Título: A marca da decadência americana
Autor: Nathan Gardels
Fonte: O Estado de São Paulo, 11/09/2005, Internacional, p. A15

Richard Sennett, professor da London School of Economics, é um dos mais importantes especialistas americanos em raça, classes e cidades. Seus livros incluem Carne e Pedra, Autoridade e, mais recentemente, A Corrosão do Caráter. A seguir, trechos da entrevista. O que querem dizer os saques, ilegalidades e até atiradores que vimos após a passagem do Katrina? Nenhum ato anti-social parecido aconteceu nas zonas atingidas pelo tsunami no sul da Ásia.

Nos EUA, há um fenômeno sociológico peculiar que não está presente nos lugares atingidos pelo tsunami. Durante muito tempo, foi verdade que os negros só apareciam como parte da vida cívica quando algo dava errado. Parte do problema é que há uma longa história de invisibilidade dos negros pobres.
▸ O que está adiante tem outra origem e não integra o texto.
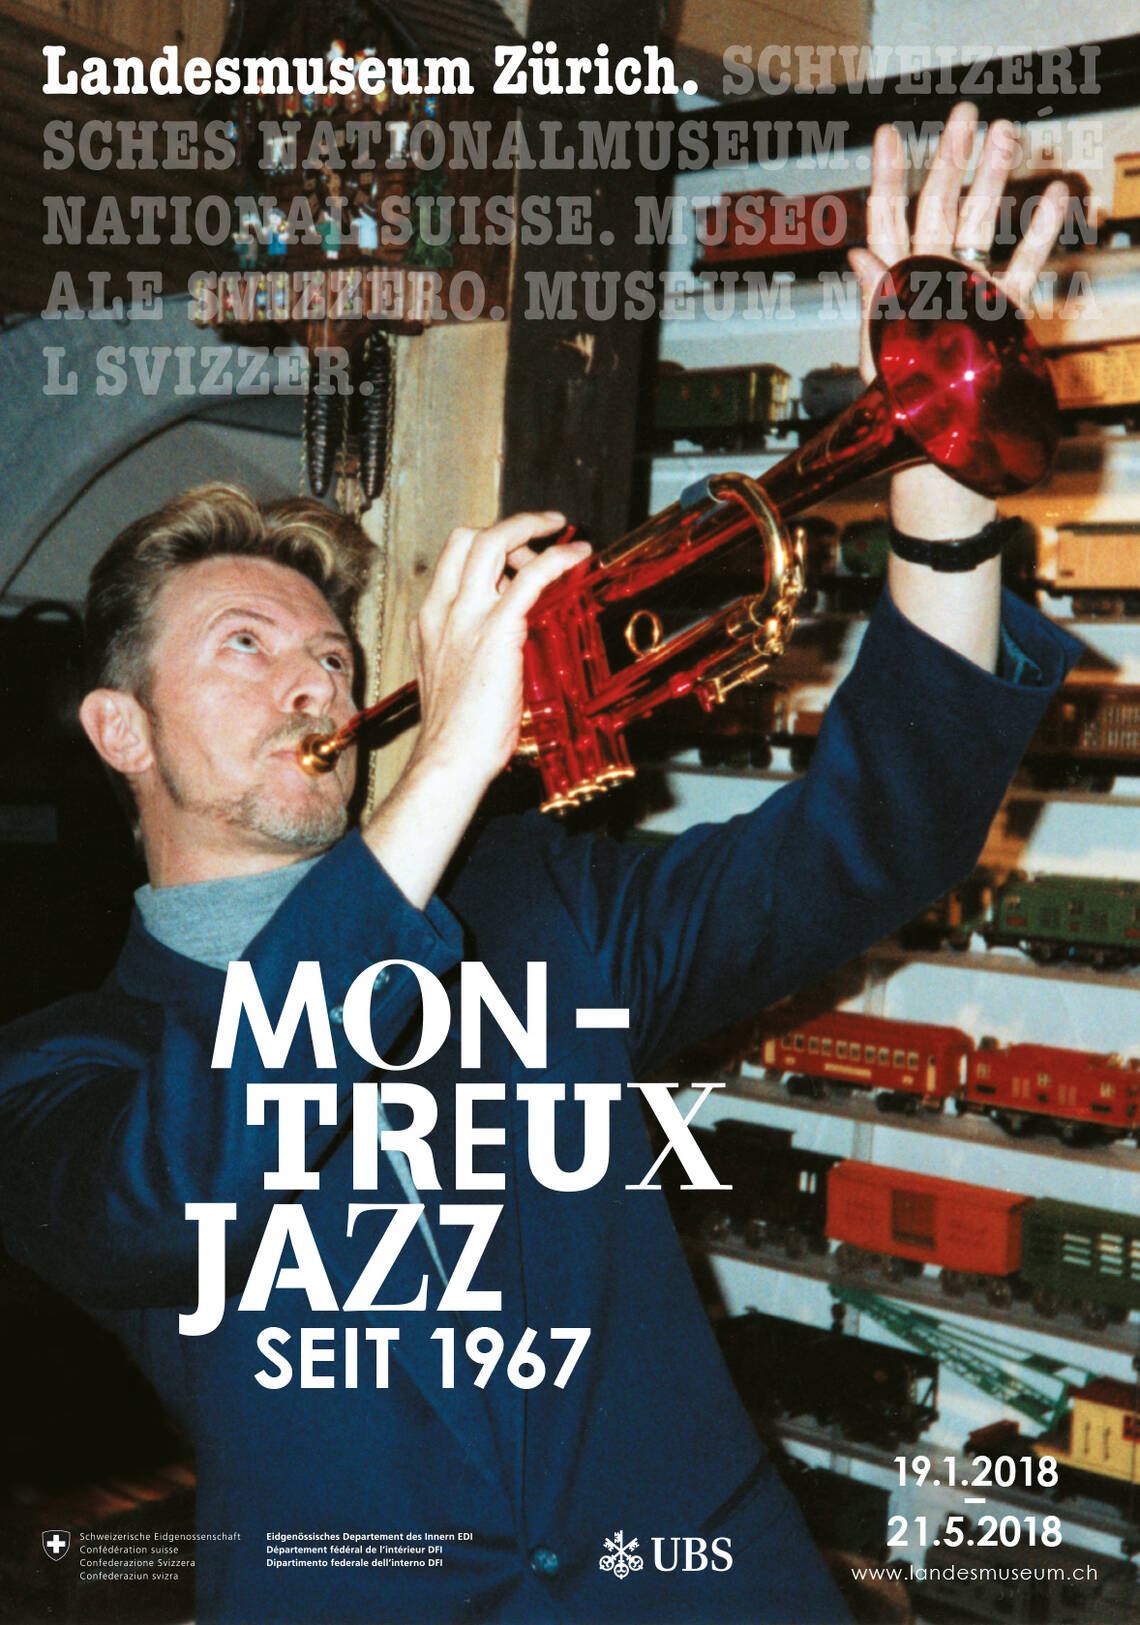 Plakat der Ausstellung "Montreux Jazz"

O dano emocional do não reconhecimento é corrosivo. Quando as pessoas são tratadas como invisíveis elas tendem a responder de um modo que, digamos, não é muito bonito de ser visto. Uma espécie de inundação psicológica de raiva é solta, que é uma resposta a décadas do que eu chamo de "feridas de classe escondidas". Essa dialética da invisibilidade e raiva sociais é o que leva aos saques e outros comportamentos destrutivos. Apesar da pobreza, as vítimas do tsunami no sul da Ásia eram visíveis. Em vez de raiva, eles demonstraram uma enorme solidariedade depois da catástrofe.

Em que medida o desastre de New Orleans revelou os custos de um domínio público esgotado?
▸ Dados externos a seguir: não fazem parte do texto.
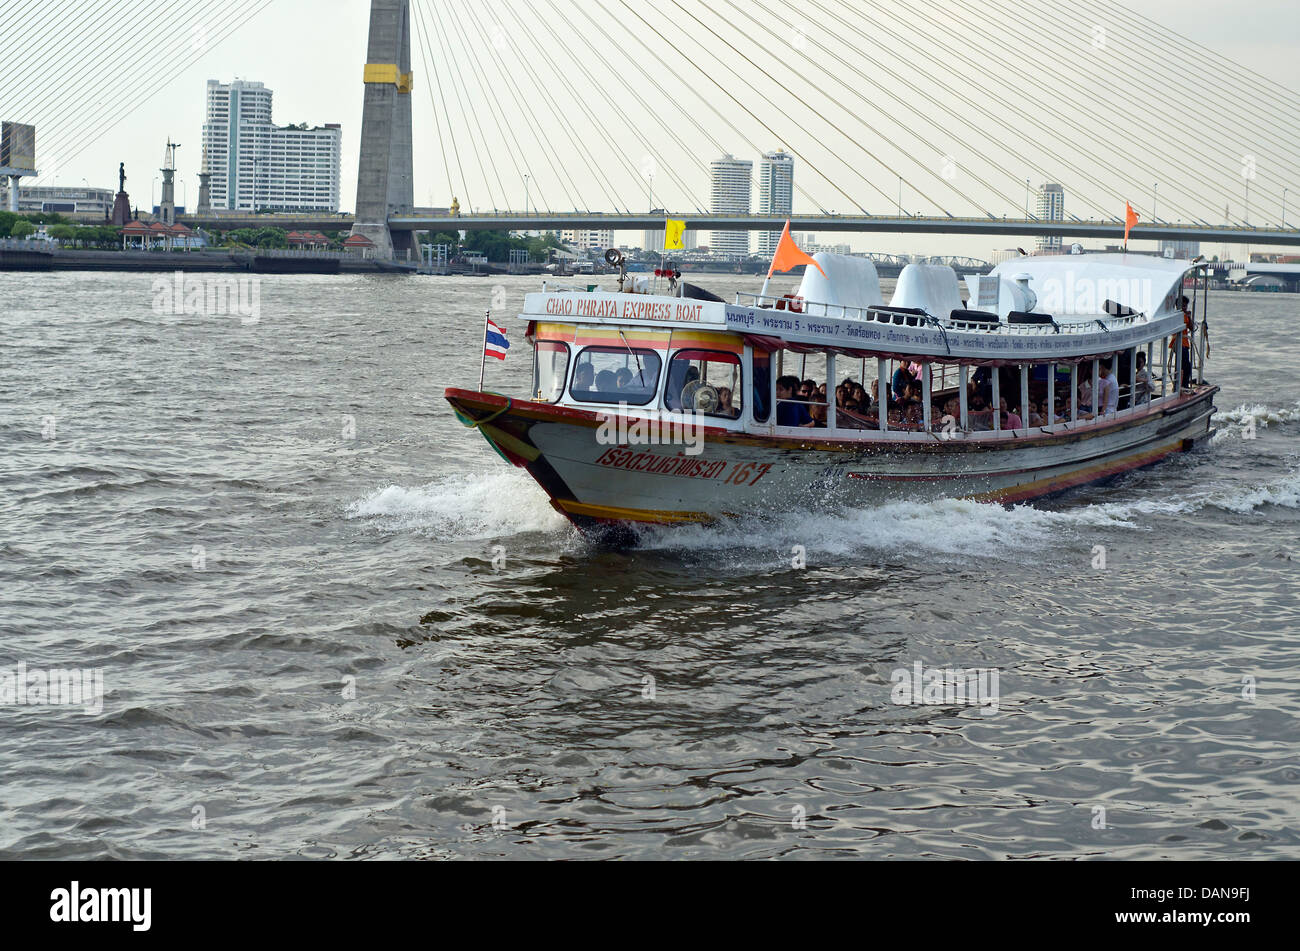 Boat on the Chao Phraya River, Bangkok Stock Photo

O que aconteceu em New Orleans não foi um evento. Foi o ponto final de um longo processo de degradação da vida cívica dos EUA e do desaparecimento do Estado. O que vimos em New Orleans não é uma estupidez burocrático de curto prazo em um esforço de resgate. O que me preocupa é que a culpa vai ser personalizada, se Bush ou algum governador ou prefeito fez isso ou aquilo certo ou errado. Tudo isso pode acabar como a resposta frustrante ao 11 de Setembro. Procuramos alguém para culpar, então, atacamos o Iraque, embora fosse um exagero. Mas a verdadeira culpa é estrutural. Minha esperança é que, em vez disso, deveria haver uma discussão sobre como restaurar o poder do Estado em todos os níveis. A inabilidade em lidar com essa crise é um dos primeiros sinais de decadência dos EUA. Não no sentido do Império Romano, mas no de uma inabilidade para enfrentar a realidade. Uma falta de realismo se apoderou dos EUA, de sua política estrangeira até sua política urbana.
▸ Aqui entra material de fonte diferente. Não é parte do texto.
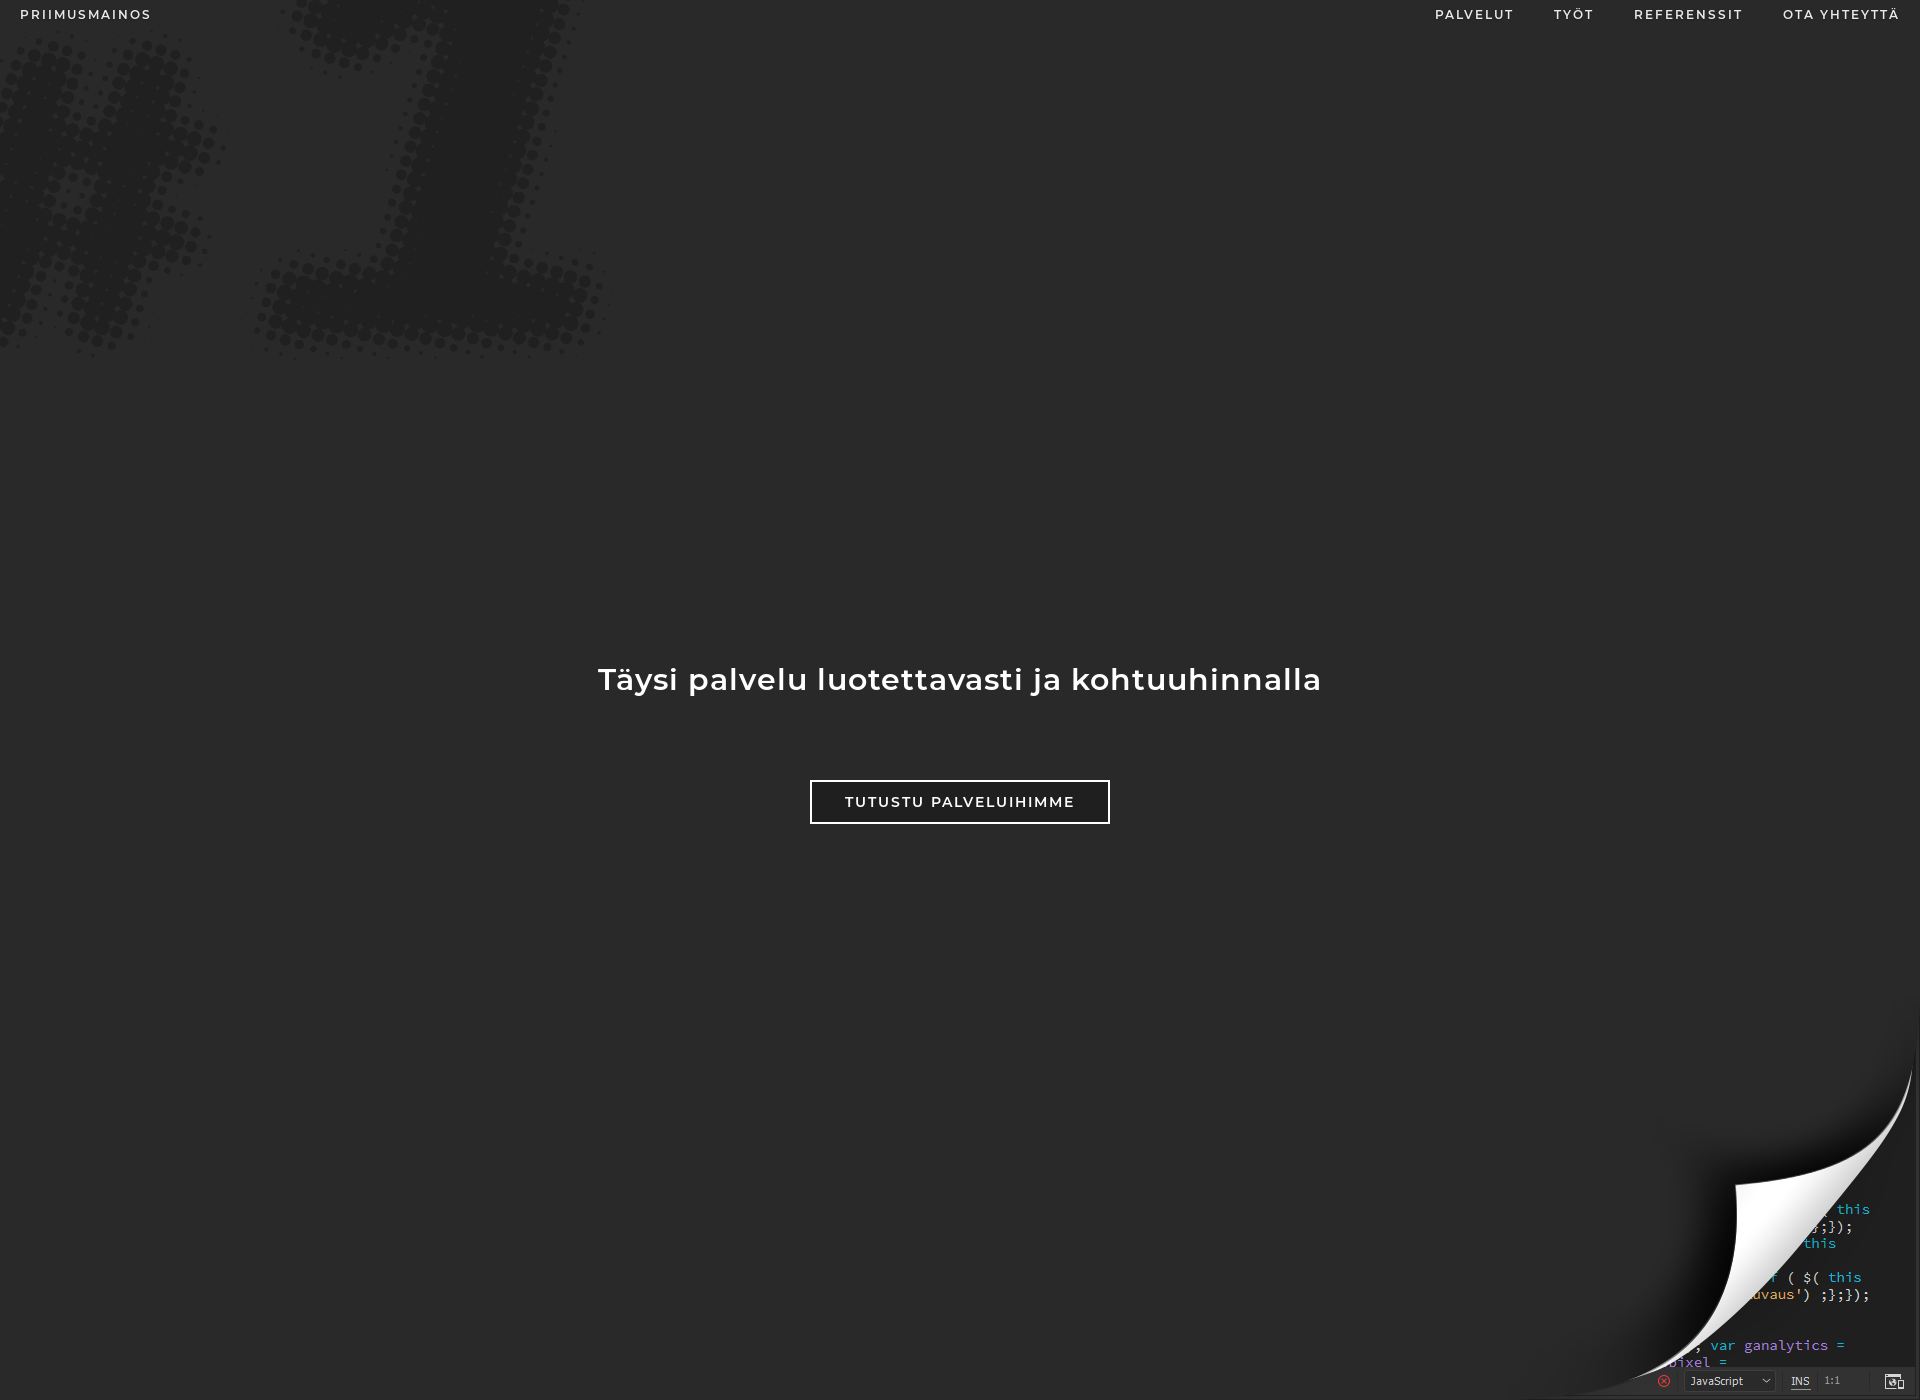 Screenshot for priimusmainos.fi

Que tipo de discussão sobre a estruturação do domínio público deveriam haver?

Vamos começar com as cidades americanas. Elas deveriam ser mais integradas espacialmente. Negros pobres podem se tornar invisíveis nas cidades. Cada vez mais, suas vidas cotidianas acontecem longes dos espaços habitados pela classe média branca. Fora da visão, fora do pensamento. Isso foi ilustrado de uma forma muito preocupante pelo bem-intencionada governadora da Louisiana. Ela não podia imaginar que muitas pessoas não tinham carro para sair da cidade ou um cartão de crédito para ir até um hotel! Na Europa, o debate seria, ironicamente, como incluir os anônimos pobres. A cultura americana, especialmente a de esquerda, aumentou tanto o valor da diferença que é difícil formular políticas para todos os cidadãos como essencialmente iguais. Em vez disso, a discussão nos EUA imediatamente se volta para o que significa ser negro e pobre em vez de o que é devido aos cidadãos como cidadãos. A desintegração espacial levou a literal estupidez de alguns líderes americanos no sentido grego - ignorância do outro.